Comment 4 for bug 2025748

Revision history for this message
Robie Basak (racb) wrote :

> I don't see a way of getting the requests library to handle transfer encoding but not content encoding without using undocumented API. As far as I can tell, the raw attribute would give me neither.

Digging into this much deeper, the handling of transfer encoding doesn't seem to be documented anywhere, but requests uses urllib3 which uses http.client on Python 3, and http.client's automatic handling of transfer encoding is passed all the way through. The requests library's response object's raw attribute is a urllib3 response object, and testing urllib3 against a deliberately chunked HTTP response does result in it decoding correctly. For example, the following code worked as expected:

import urllib3
http = urllib3.PoolManager()
resp = http.request("GET", "http://localhost", preload_content=False)
print(resp.read())

In that test I arranged a fake chunked response with the following:

while true; do nc -q1 -l -p 80 < result;done

With the file result having the following contents saved with ff=dos in vim:

--BEGIN--
HTTP/1.1 200
Transfer-Encoding: chunked
Content-Type: text/plain

4
Wiki
7
pedia i
B
n
chunks.
0

--END--

Similarly, with requests directly, the following also worked fine against the same fake chunked response:

import requests
with requests.get('http://localhost', stream=True) as resp:
    resp.raw.read(decode_content=False)

In conclusion I don't need to worry about transfer encoding not being handled correctly when using raw.read() with requests.
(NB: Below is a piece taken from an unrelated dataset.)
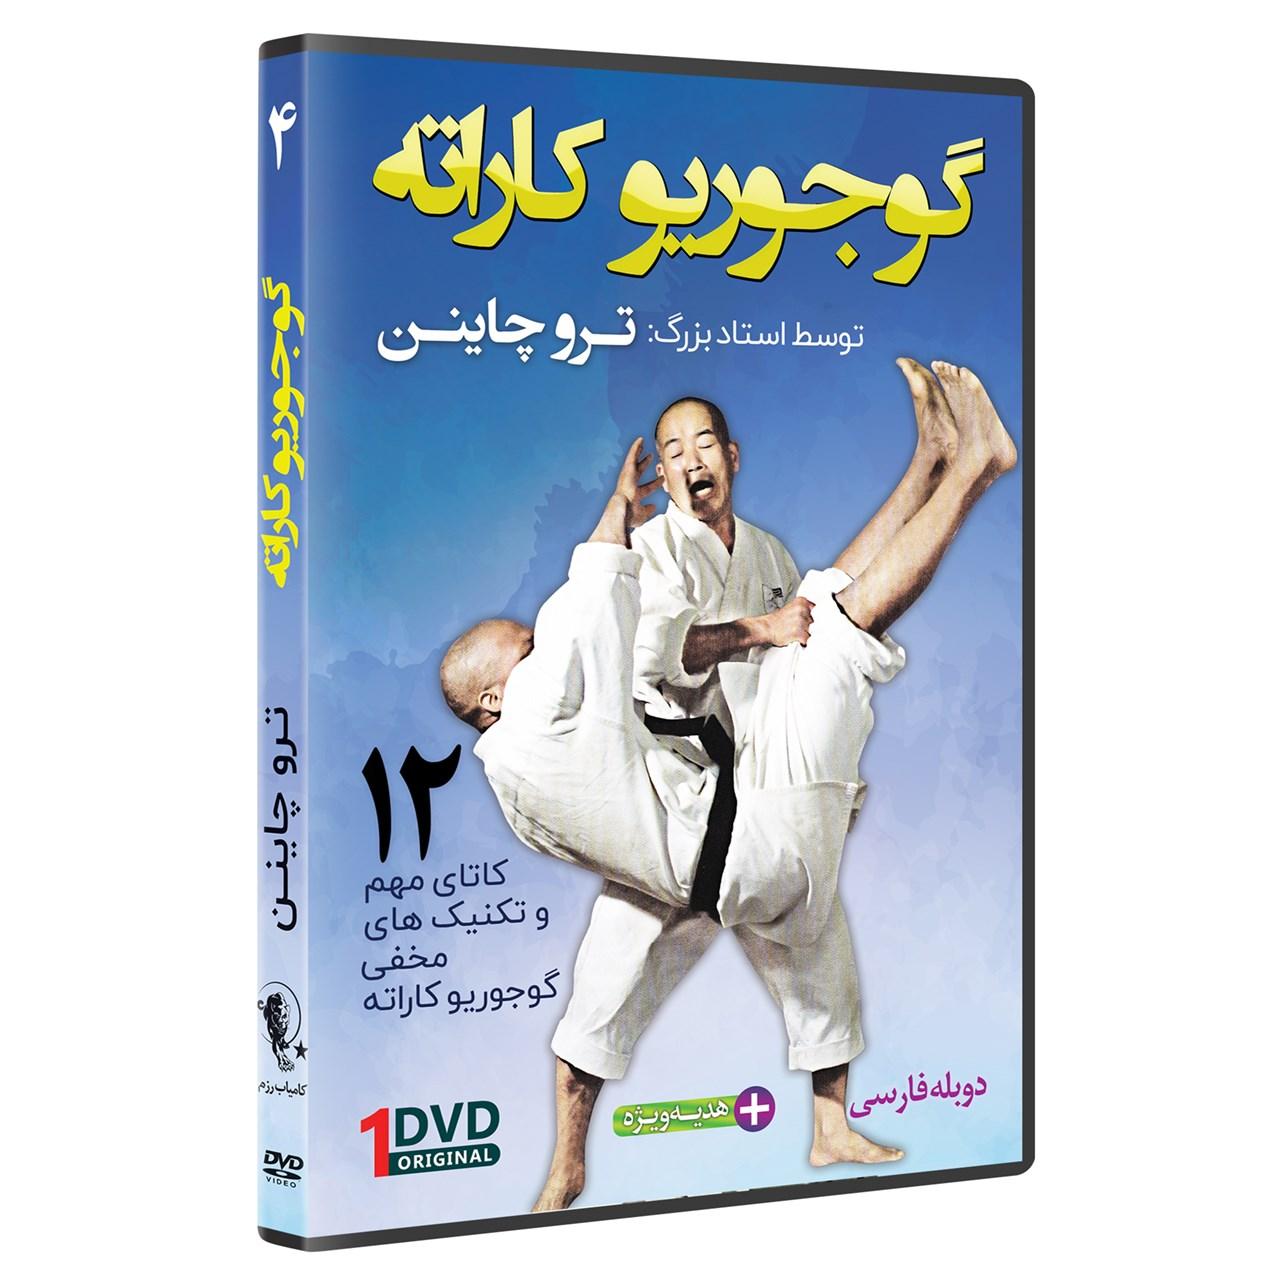 عکس فیلم آموزش سبک گوجوریو کاراته قسمت 4 نشرکامیاب رزم

Going back to the original issue, it is fixed with a partial revert of 1e20363 to restore the use of raw.read().

The commit message against 1e20363 talks of the changes file ending up compressed on disk, and indeed I re-introduced this behaviour after my revert.

To fix that without regressing the fetch of a diff.gz by "accidentally" decompressing it, I think the correct fix would be to set "Accept-Encoding: identity". Indeed, on testing with wget (using -d), I see that wget sets this by default, so I'm confident it's correct. Setting this using headers={'accept-encoding': 'identity'} fixes that issue, so that for example "pull-pkg -D ubuntu --upload-queue --pull source r8125 jammy" downloads the changes file and writes it uncompressed again (r8125 is currently in the unapproved queue but won't work later as an example).

I think the final fix should therefore look something like:

--- a/ubuntutools/misc.py 2023-05-30 16:47:58.000000000 +0000
+++ b/ubuntutools/misc.py 2023-07-04 18:41:54.919108821 +0000
@@ -348,7 +348,7 @@
     with tempfile.TemporaryDirectory() as tmpdir:
         tmpdst = Path(tmpdir) / "dst"
         try:
- with requests.get(src, stream=True, timeout=60, auth=auth) as fsrc:
+ with requests.get(src, stream=True, timeout=60, auth=auth, headers={'accept-encoding': 'identity'}) as fsrc:
                 with tmpdst.open("wb") as fdst:
                     fsrc.raise_for_status()
                     _download(fsrc, fdst, size, blocksize=blocksize)
@@ -433,7 +433,10 @@

     downloaded = 0
     try:
- for block in fsrc.iter_content(blocksize):
+ while True:
+ block = fsrc.raw.read(blocksize)
+ if not block:
+ break
             fdst.write(block)
             downloaded += len(block)
             progress_bar.update(downloaded, size)